My assessment involved a densitometer on the back of my head, a frank talk about whether my loss had stopped, and questions about my family’s pattern of balding. It was less glamorous and more useful than I expected. If you are getting to this point, the questions worth taking with you are in questions to ask before a hair transplant, and how to weigh the clinic itself is in choosing a hair transplant clinic.
References
- Hair Transplantation, StatPearls / NCBI. ↩
- Patient selection and evaluation in hair restoration, International Journal of Trichology. ↩
- Hair loss and hair restoration information for patients, ISHRS. ↩
- Hair transplant: What to expect, American Academy of Dermatology. ↩
- Hair transplant, NHS. ↩
Frequently asked questions
What makes someone a good candidate for a hair transplant?
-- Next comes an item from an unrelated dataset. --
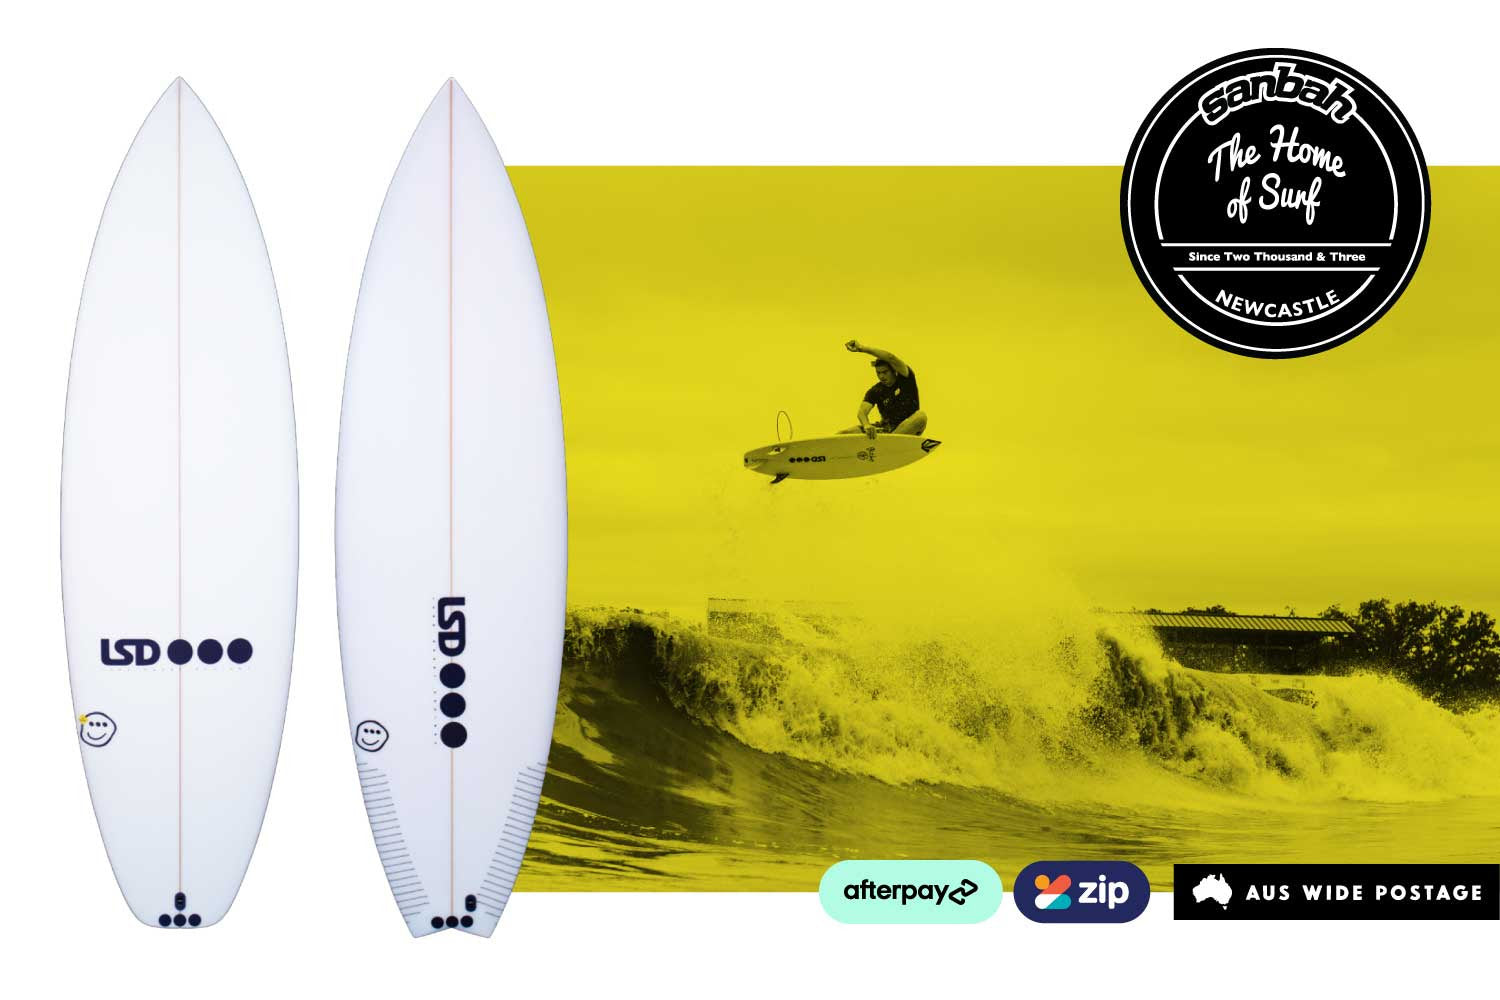 LSD Surfboards have landed at Sanbah. Buy online or in-store now! – Sanbah  Australia

A good candidate has a healthy, dense donor area (safe-zone density is about 65 to 85 follicular units per cm2), loss that is patterned and stable rather than diffuse, is in reasonable general health, and holds realistic expectations. Men are typically Norwood III to V and women Ludwig II to III. Earlier stages are usually managed with medicine first, because there may not yet be a settled pattern to work around.
Why does donor supply matter so much?
Because a transplant only moves hair you already have. The lifetime harvestable donor supply is commonly cited at about 6,000 to 8,000 grafts, and that is a hard ceiling. If your loss is very advanced, there simply may not be enough donor hair to cover it at a natural density, so a surgeon plans a conservative donor budget and prioritises the areas that frame the face.
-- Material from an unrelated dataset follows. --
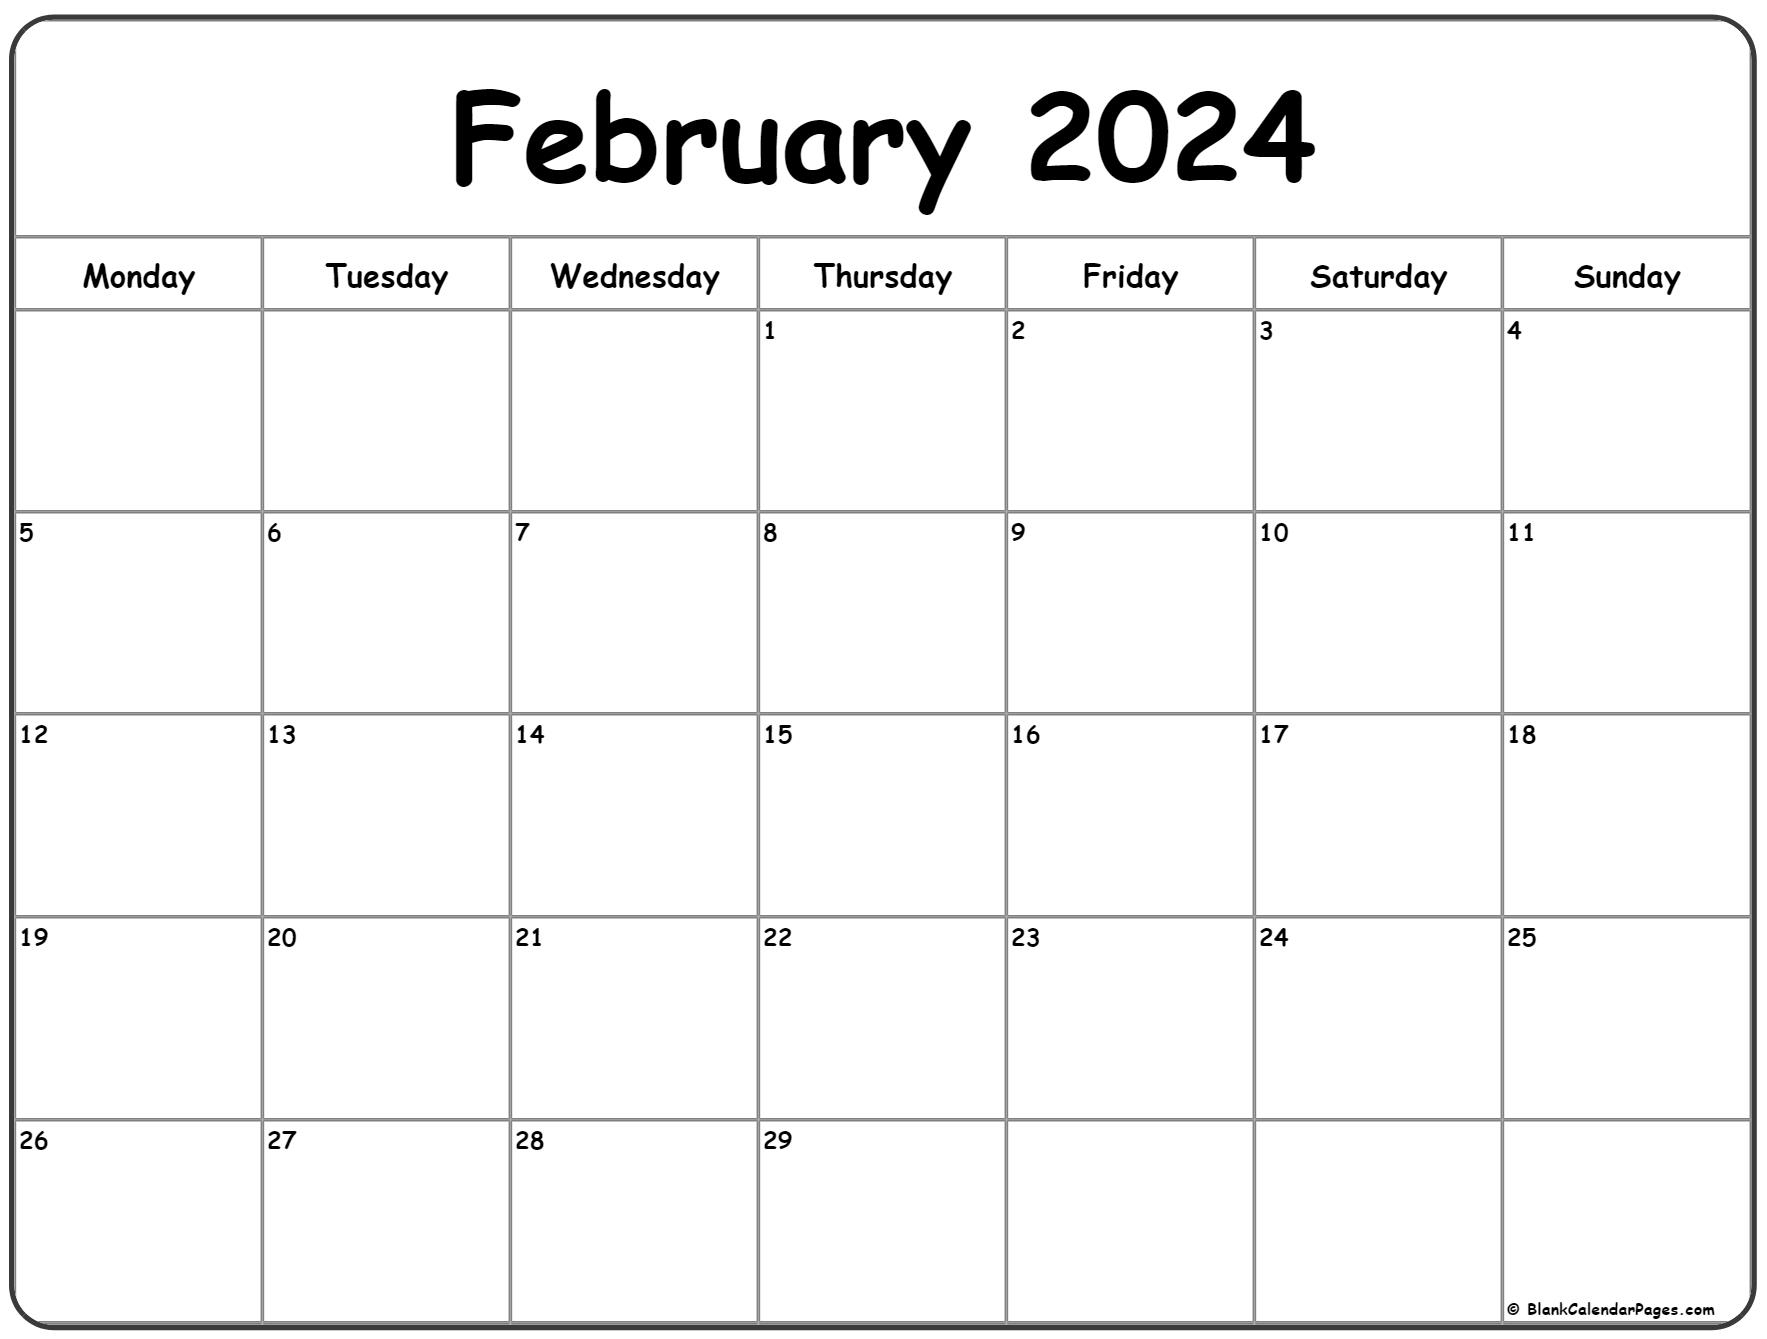 February 2024 Monday Calendar | Monday To Sunday for Calendar Printable February 2024

Am I too young for a hair transplant?
There is no fixed cut-off, but surgeons are cautious under about age 25 when loss is progressing quickly. The problem is not the operation itself; it is that the final pattern is not yet clear. Transplant a young hairline too low and the native hair behind it keeps receding, leaving an island of grafts. Medicine and a year of watching are usually advised first so the pattern can be judged.
Can I have a transplant if my hair is thinning all over?
Diffuse, unpatterned thinning that involves the donor zone is one of the main reasons people are turned down. If the back and sides are also thinning, the transplanted follicles may not be as resistant as they need to be, and the result can thin over time. This is why so many women are poorer candidates than men, because female loss is more often diffuse.
Does having a lot of hair loss rule me out?
Very advanced loss (Norwood VI to VII) does not automatically rule you out, but it changes what is realistic. With a finite donor supply, full coverage of a very large bald area at native density is not achievable. A surgeon may still be able to restore a frame and partial coverage, but the honest conversation is about priorities and expectations, not a full head of teenage hair.
How do I actually find out if I am a candidate?
Only an in-person examination by a qualified surgeon can judge it. They assess your donor density, the stability and stage of your loss, your scalp laxity and your general health, and set that against what you want. Online quotes from a photo, or a graft number given before anyone has looked at your scalp, cannot tell you whether you are a candidate.